*** Collected data ***
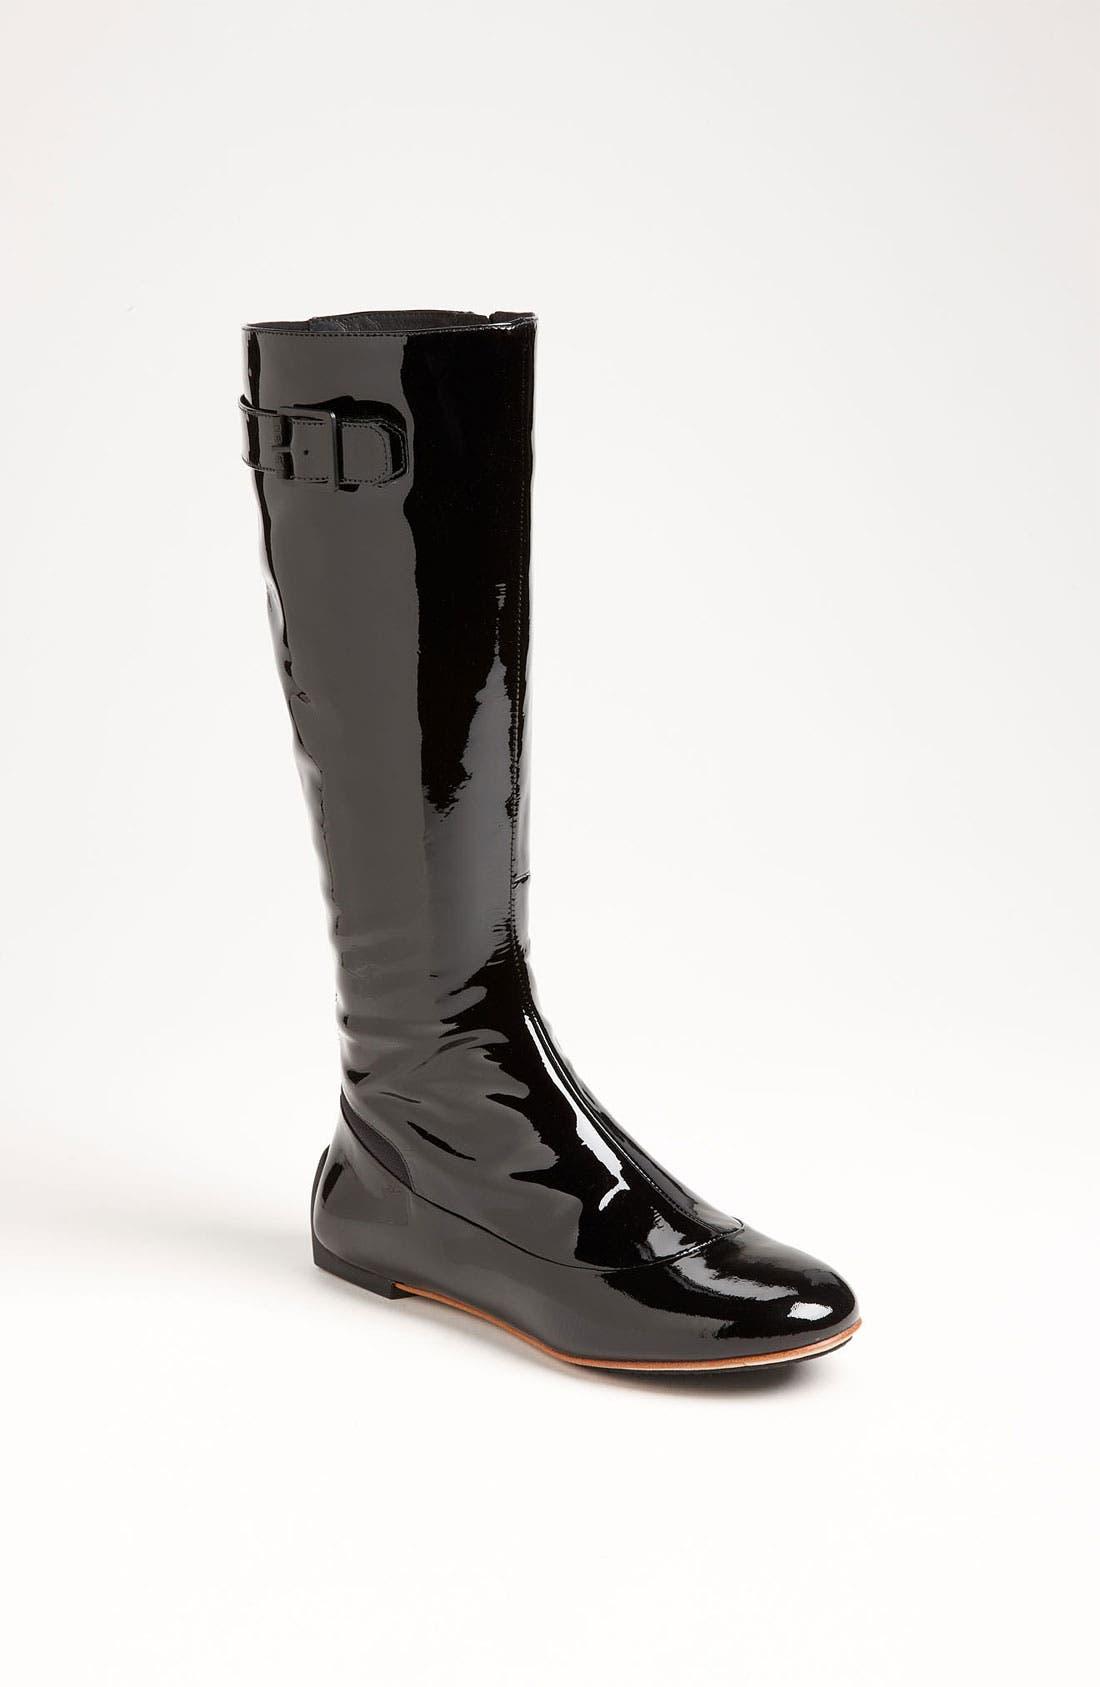 Main Image - Tsubo 'Meroe' Boot
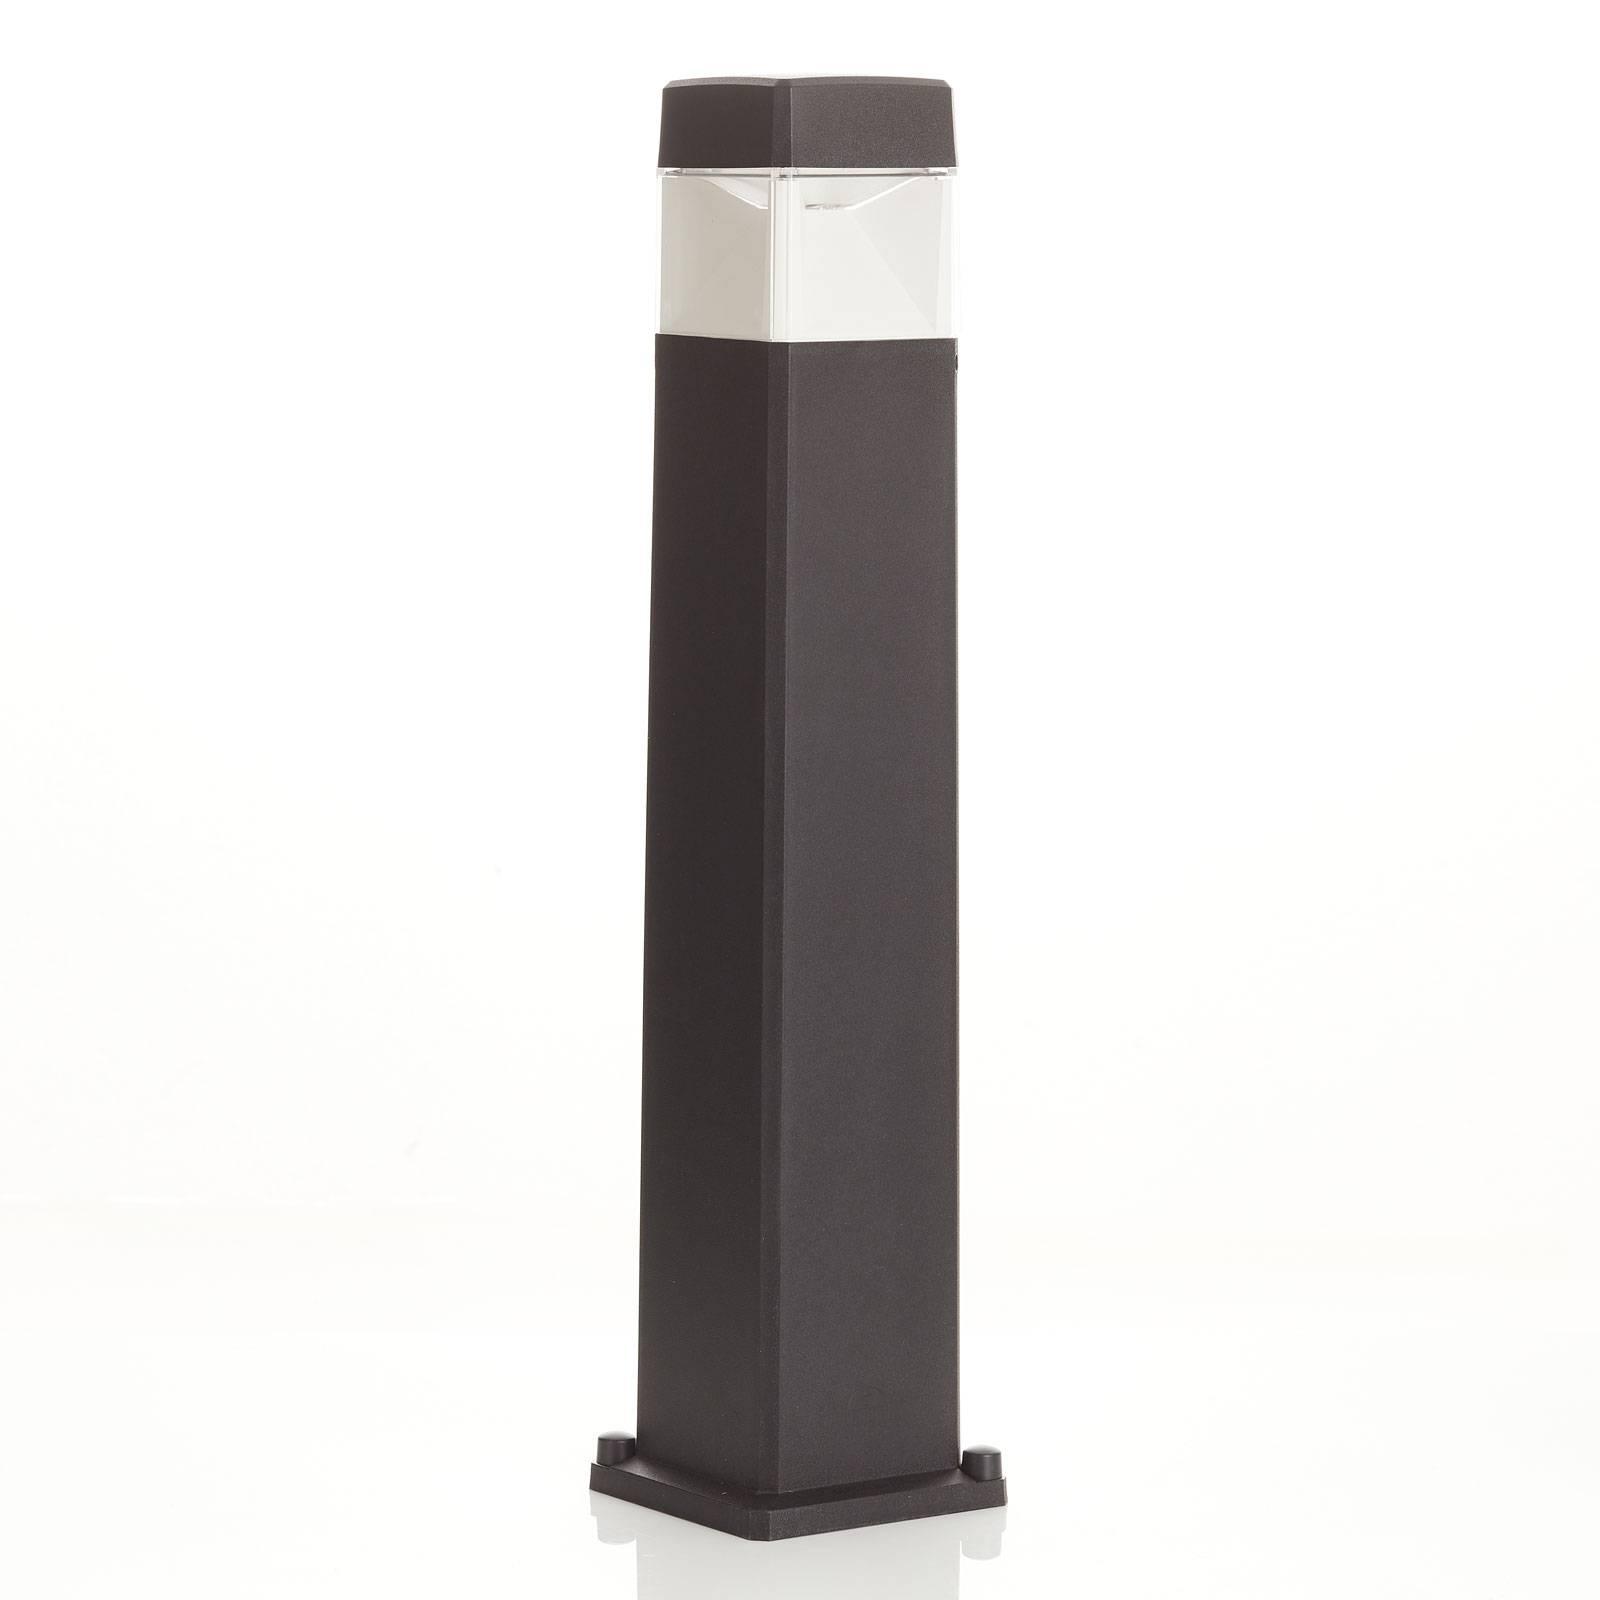 Słupek oświetleniowy LED Elisa 800, czarny 10W CCT
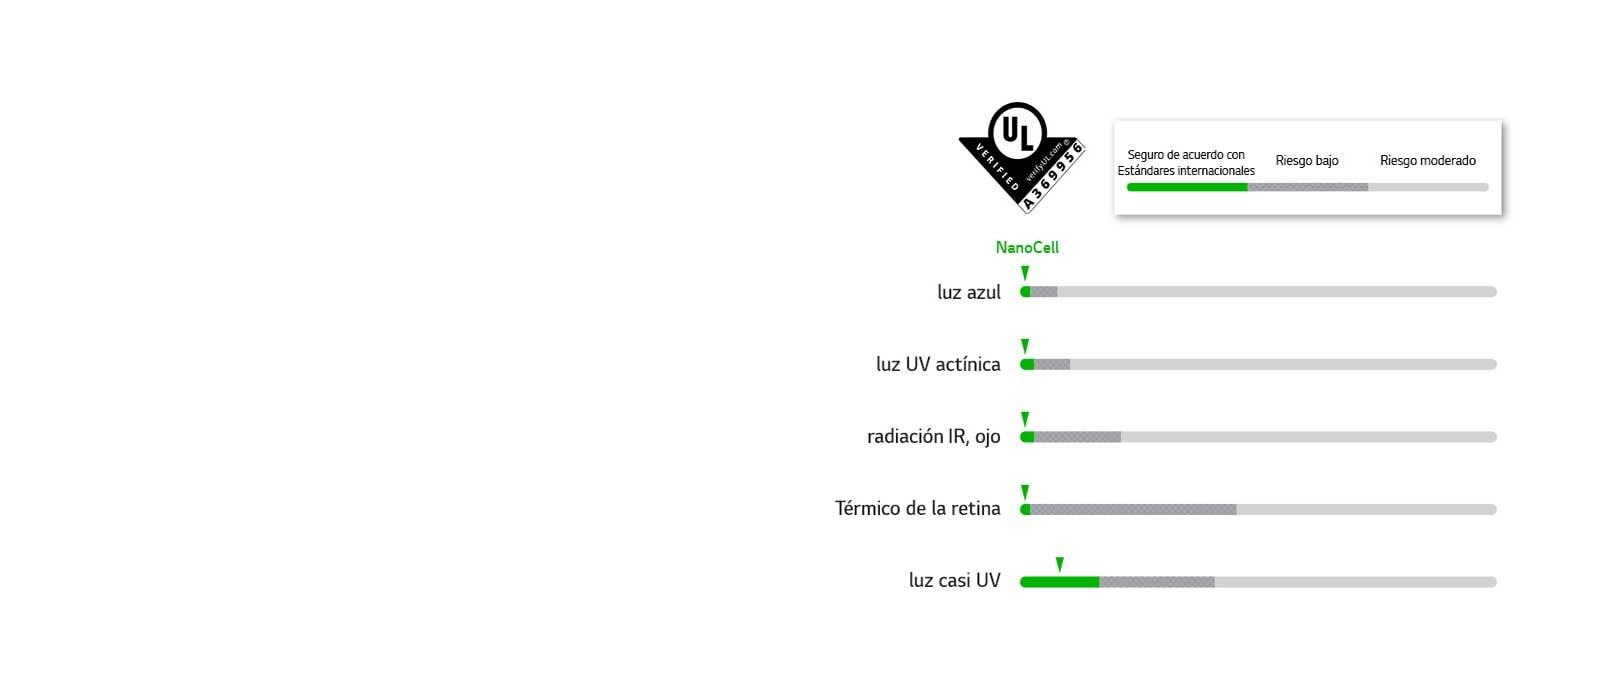 Gráficos que pasaron los estándares de seguridad en 5 LED
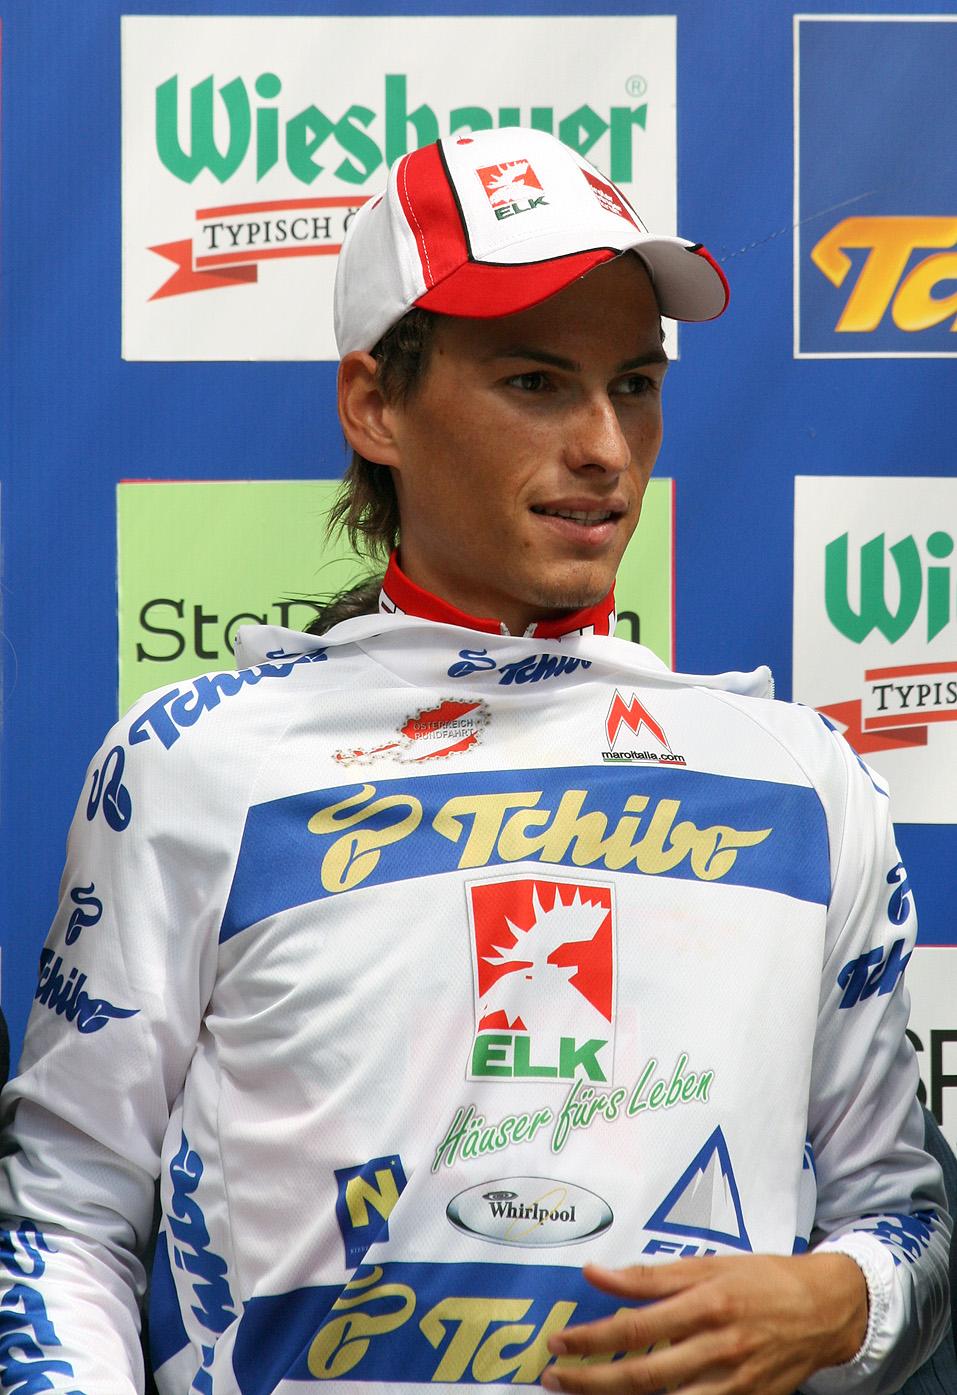 Stefan Denifl
*** End of Collected data ***
### To do
Your answer should contain all the material above, written out exactly, and none of the pictures.

### Solution
 Main Image - Tsubo 'Meroe' Boot
 Słupek oświetleniowy LED Elisa 800, czarny 10W CCT
 Gráficos que pasaron los estándares de seguridad en 5 LED
 Stefan Denifl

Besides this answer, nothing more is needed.